What to work on: Give back, character for character, the line that includes "Kit Shampoo Condicionador" and all lines beneath it in the data.

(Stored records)
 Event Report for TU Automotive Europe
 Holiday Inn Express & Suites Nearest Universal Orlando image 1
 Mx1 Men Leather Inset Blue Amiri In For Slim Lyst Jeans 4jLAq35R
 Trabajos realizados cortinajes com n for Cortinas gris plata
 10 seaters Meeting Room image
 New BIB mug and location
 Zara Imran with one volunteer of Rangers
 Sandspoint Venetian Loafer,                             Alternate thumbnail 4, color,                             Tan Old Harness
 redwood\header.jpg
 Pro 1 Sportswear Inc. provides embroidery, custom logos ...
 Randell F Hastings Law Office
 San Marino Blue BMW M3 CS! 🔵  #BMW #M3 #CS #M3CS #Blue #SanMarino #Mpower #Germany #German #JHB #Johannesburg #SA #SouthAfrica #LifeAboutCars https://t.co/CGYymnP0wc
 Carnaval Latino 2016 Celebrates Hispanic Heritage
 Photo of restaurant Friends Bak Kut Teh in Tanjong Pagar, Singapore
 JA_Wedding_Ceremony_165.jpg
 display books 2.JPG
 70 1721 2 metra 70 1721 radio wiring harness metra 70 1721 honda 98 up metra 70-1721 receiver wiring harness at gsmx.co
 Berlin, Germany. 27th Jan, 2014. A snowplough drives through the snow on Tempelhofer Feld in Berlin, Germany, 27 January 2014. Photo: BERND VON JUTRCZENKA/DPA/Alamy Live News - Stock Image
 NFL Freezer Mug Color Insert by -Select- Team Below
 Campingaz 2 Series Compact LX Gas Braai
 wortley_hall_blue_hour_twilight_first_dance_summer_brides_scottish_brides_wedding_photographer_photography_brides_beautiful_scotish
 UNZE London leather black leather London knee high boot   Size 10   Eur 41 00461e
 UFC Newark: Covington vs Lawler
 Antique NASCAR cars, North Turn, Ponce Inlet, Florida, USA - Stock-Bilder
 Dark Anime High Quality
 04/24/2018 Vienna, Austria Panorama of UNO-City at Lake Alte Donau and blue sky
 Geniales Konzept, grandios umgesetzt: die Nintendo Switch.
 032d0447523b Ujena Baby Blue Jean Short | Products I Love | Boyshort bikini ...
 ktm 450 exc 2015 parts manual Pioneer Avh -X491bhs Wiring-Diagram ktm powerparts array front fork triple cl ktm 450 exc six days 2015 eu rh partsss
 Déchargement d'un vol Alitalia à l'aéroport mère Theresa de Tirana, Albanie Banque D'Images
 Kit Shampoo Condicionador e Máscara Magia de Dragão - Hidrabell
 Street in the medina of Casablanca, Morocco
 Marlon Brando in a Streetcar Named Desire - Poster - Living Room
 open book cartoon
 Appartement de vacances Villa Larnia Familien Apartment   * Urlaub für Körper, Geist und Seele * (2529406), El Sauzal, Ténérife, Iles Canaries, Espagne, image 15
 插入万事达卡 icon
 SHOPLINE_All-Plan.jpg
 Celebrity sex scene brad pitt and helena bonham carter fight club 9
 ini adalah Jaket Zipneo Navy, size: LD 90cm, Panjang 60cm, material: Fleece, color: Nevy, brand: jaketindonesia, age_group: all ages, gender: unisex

Response to this task:
 Kit Shampoo Condicionador e Máscara Magia de Dragão - Hidrabell
 Street in the medina of Casablanca, Morocco
 Marlon Brando in a Streetcar Named Desire - Poster - Living Room
 open book cartoon
 Appartement de vacances Villa Larnia Familien Apartment   * Urlaub für Körper, Geist und Seele * (2529406), El Sauzal, Ténérife, Iles Canaries, Espagne, image 15
 插入万事达卡 icon
 SHOPLINE_All-Plan.jpg
 Celebrity sex scene brad pitt and helena bonham carter fight club 9
 ini adalah Jaket Zipneo Navy, size: LD 90cm, Panjang 60cm, material: Fleece, color: Nevy, brand: jaketindonesia, age_group: all ages, gender: unisex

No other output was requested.